From mid-December 1943 to late summer 1944, Lucas was a Truppenarzt (military doctor) in Auschwitz I and operating in the Auschwitz concentration camp (Gypsy camp, Theresienstadt family camp). Afterwards, he had further short-term missions in the Mauthausen concentration camp in 1944, Stutthof concentration camp in 1944, Ravensbrück concentration camp in 1944, and Sachsenhausen in January 1945, where he served in March 1945 and appeared in Berlin with a letter of recommendation from a female Norwegian prisoner from the Ravensbrück concentration camp. Before the Battle of Berlin, Lucas fled in April 1945 to the west.

On 8 December 1944, as Lagerarzt (camp doctor) and SS-Obersturmführer in Stutthof concentration camp, Lucas inspected the dead body of Justus Nussbaum, the brother of Osnabrück's famous painter Felix Nussbaum, to attest that Justus allegedly deceased in Lager-Block 13 at 6:50 a.m. on 7 December 1944 of a general cardiac insufficiency.

His colleague in Ravensbrück, Percy Treite, said during the first Ravensbrück process about him: "Dr.
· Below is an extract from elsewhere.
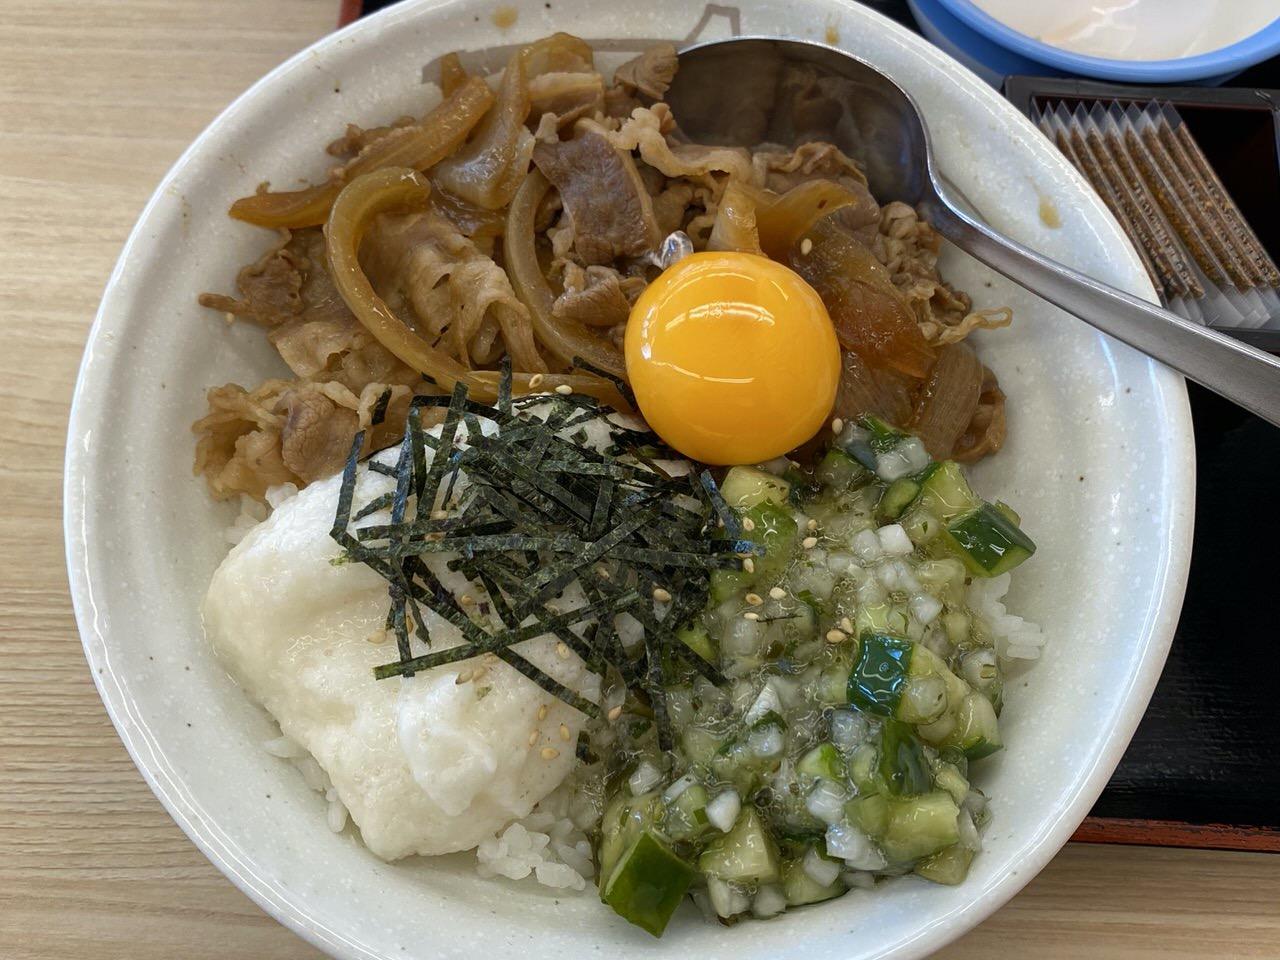 【松屋】暑い日にさっぱりと美味い!茎わさび&とろろ「山形だしの三色丼」食べてみた

Lucas was not under my responsibility, he took part in selections for the gas chamber and in shootings. After disagreements with Dr. Trommer, he went to Sachsenhausen and was sent as a punishment by all camps in Germany." The reason for this disagreement with Treite was that Lucas was issuing death certificates for the deceased prisoners from the concentration camp Uckermark, but they would never take a closer look. In addition, Treite had been present during the first shootings, after he had denied his participation, and Lucas had to take over the activities; but Lucas denied this after a few days.

==Post-war==
Immediately after the war, Lucas escaped the denazification process and immediately got a job at the city hospital in Elmshorn, first as a medical assistant, then as assistant medical director and finally as chief physician of the gynecological department. On learning of the charges against him, he lost his job in 1963 and worked in private practice.

==Auschwitz trial==
During the Frankfurt Auschwitz trials held between 1963-1965, Lucas first denied having carried out selections; he also denied that he had authorized the use of Zyklon B in the gas chambers and had supervised the killings. Testimony statements contradicted his story.

On the 87th day of the trial, Helen Goldmann, a Jewish girl originally from Czechoslovakia who was deported to Auschwitz in May 1944, testified that Dr. Lucas threw her two-year-old sister on the floor, selecting her mother, her sister, a second three-year-old sister, and her brother to be murdered in the gas chambers. She was told later that day, "If Doctor Lucas was at the station picking them right and left, he says, then my mother and the children are not going to be living long, they're going to be killed the same day."

On the 137th day of the trial, one of the defendants gave evidence for the first time as a witness against a co-defendant in a concentration camp trial. Former SS guard Stefan Baretzki: "I was not blind when Dr. Lucas had selected on the ramp. ... Five thousand men, he sent them to the gas [chambers] in half an hour, and today he wants to stand as a savior." Lucas now agreed that he had been involved in four selections, but claimed he had been obeying orders and had conducted the selections against his will.

The jury in Frankfurt found him guilty of selecting at least one thousand people in at least four selections, and sentenced him on 20 August 1965 to three years and three months' imprisonment. On 26 March 1968, Lucas was released from custody. When the verdict was reviewed by the Federal Supreme Court on 20 February 1969, it was decided that the question of the "compulsion at the ramp" of Auschwitz must be rethought due to the positive character image Lucas presented in the trial. On 8 October 1970, he was released. During these proceedings, many prisoners spoke positively about Lucas, while the statements that led to his earlier condemnation were judged to be based on hearsay.

Lucas was "involved in the extermination of human beings", but "did not deal with perpetrators, but only against his will", citing the so-called "putative emergency" according to § 52 StGB. Therefore, "no charge of guilt in the criminal sense" could be made.

==Later life and death==
From 1970 to 30 September 1983, he again worked in his own private practice and died on 7 December 1994.